Whether the timer is synchronized among compute nodes. This is reflected to the MPI_WTIME_IS_GLOBAL
attribute key.
Many hardware architectures provide high resolution and low overhead timers.
If a hardware-native timer is based on a CPU cycle counter, we should pay attention to core migration of a process and CPU frequency change.
The x86-64 architecture provides the RDTSCP
and the RDTSC
instructions, which read the TSC (time stamp counter). They are complex.
The TSC is implemented differently across CPU models.

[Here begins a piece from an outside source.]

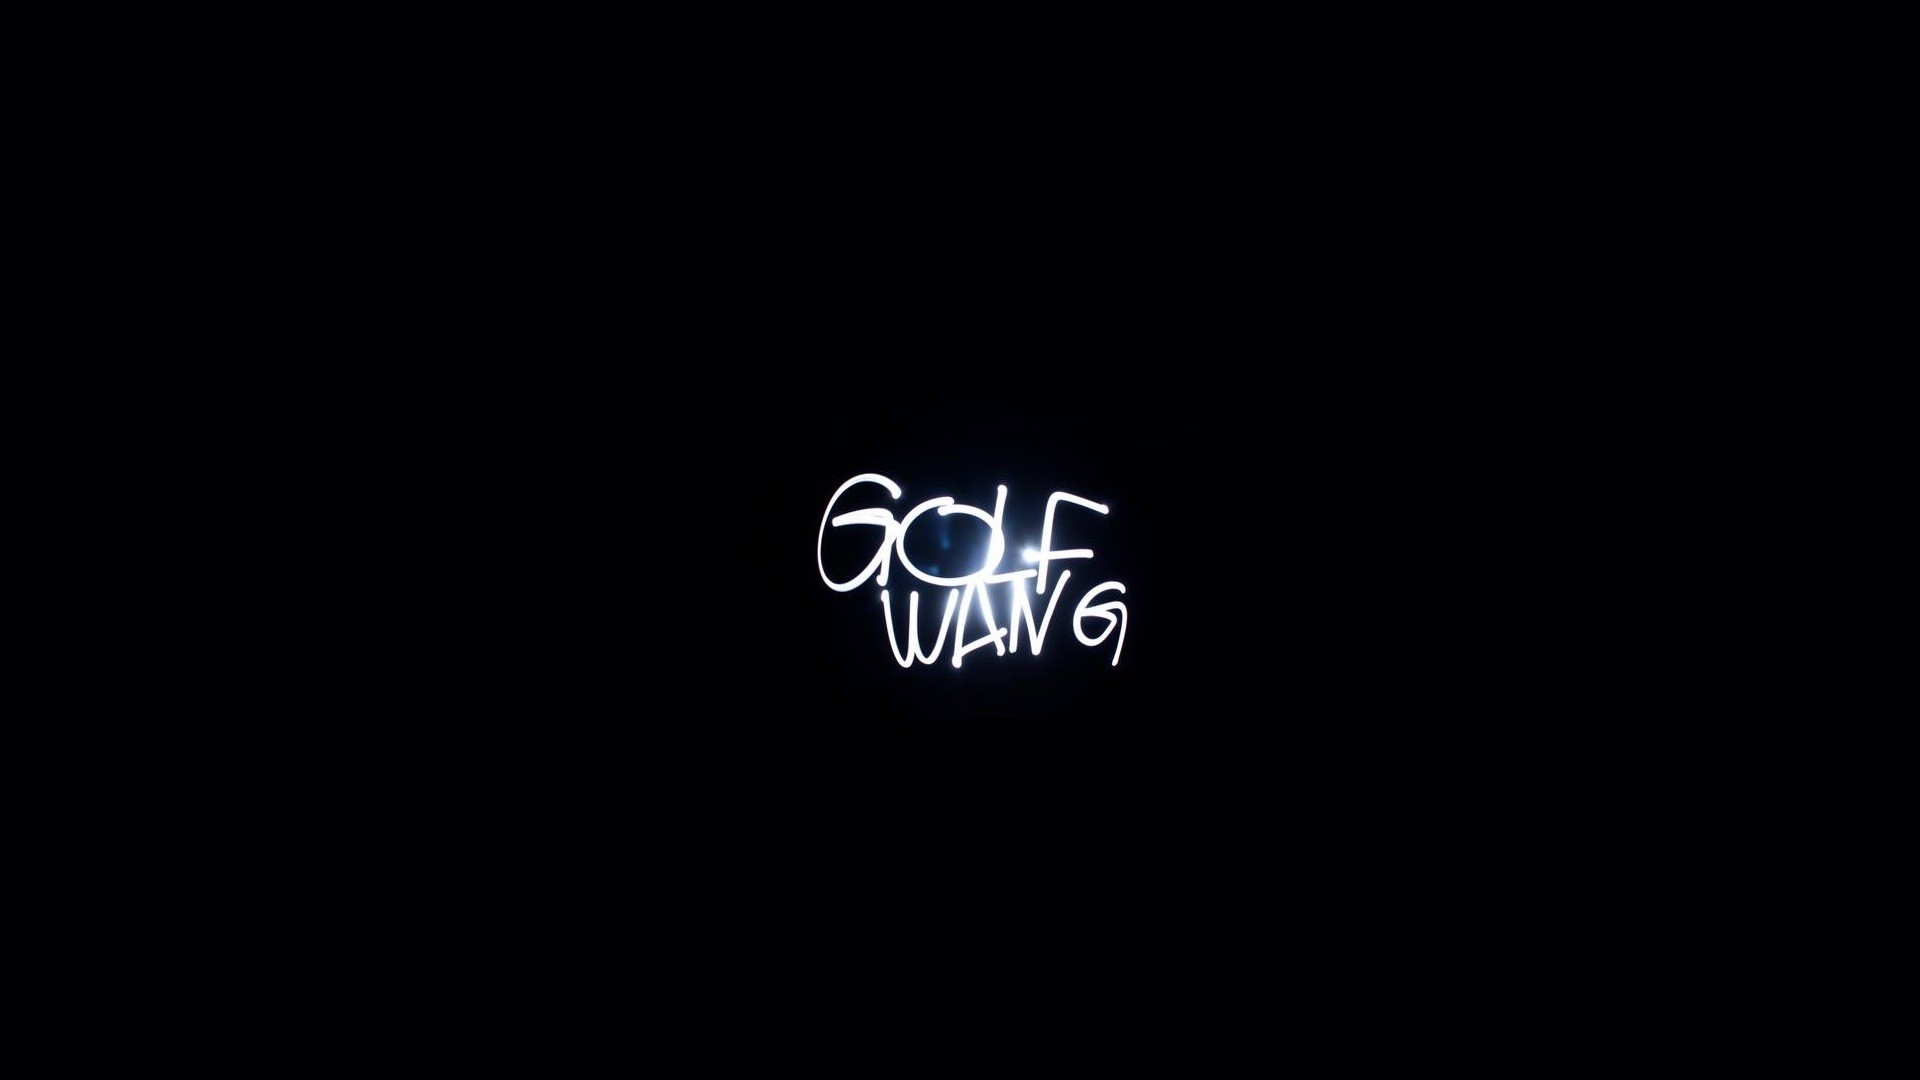 Golf wang wallpaper

TSC type | constant rate tick? | monotonic time? |
---|---|---|
(original) TSC | no | per core (?) |
constant TSC | yes | per core (?) |
invariant TSC | yes | per socket (?) |
A problem of the invariant TSC is that the instruction to determine the frequency is privileged.
The Armv8-A architecture provides the Generic Timer and the Generic Timer feature includes a system counter.
The system counter in the Generic Timer:
- Is a system level. Therefore all CPU cores in a compute node see the same counter.
- Measures the passing of time in real-time.
- Increases at a fixed frequency, typically in the range 1-50MHz, except in lower-power operating modes. The
CNTFRQ_EL0
register holds a copy of the current clock frequency. - Starts operating from zero.
- Can be obtained by reading the
CNTVCT_EL0
register.
See ARM Architecture Reference Manual ARMv8, for ARMv8-A architecture profile.
...
Keyword: time base facility
The SPARC-V9 architecture provides the TICK register.
The counter field of the TICK register:
- Is a 63-bit counter that counts CPU clock cycles.
- Can be read by the
RDTICK
instruction.
See The SPARC Architecture Manual, Version 9
Usually an OS provides library functions to get the current time.
Software-managed timers may be affected by a system time correction, like one by a NTP daemon.
The clock_gettime
function returns the current time and the clock_getres
returns the resolution (precision). The first argument clock_id
is used to select a type of a clock. For example, CLOCK_REALTIME
represents the clock measuring real time for the system since the Epoch. This clock is affected by discontinuous jumps in the system time. CLOCK_MONOTONIC
represents the monotonic clock for the system since an unspecified point in the past. This clock is not affected by discontinuous jumps in the system time.
The clock_gettime
and the clock_getres
functions are defined in POSIX.1-2001 and later. OS X has problem with clock_gettime
?
Amended in Dec 2021: macOS CLOCK_MONOTONIC
can actually go backwards; see https://github.com/mobile-shell/mosh/pull/1124, for example (and the corresponding darwin implementation of clock_gettime()
, which confirms the discussion that CLOCK_MONOTONTIC
can go backwards on macOS, but CLOCK_MONOTONIC_RAW
will not).
Some OSes implement these functions as system calls and therefore they are high overhead. GNU/Linux implements these functions using vDSO on some architectures to avoid the overhead.
The clock_gettime
function returns the current time, expressed as seconds and microseconds since the Epoch. The clock may be affected by discontinuous jumps in the system time.
The gettimeofday
function is defined in POSIX.1-2001 but is marked as obsolete in POSIX.1-2008.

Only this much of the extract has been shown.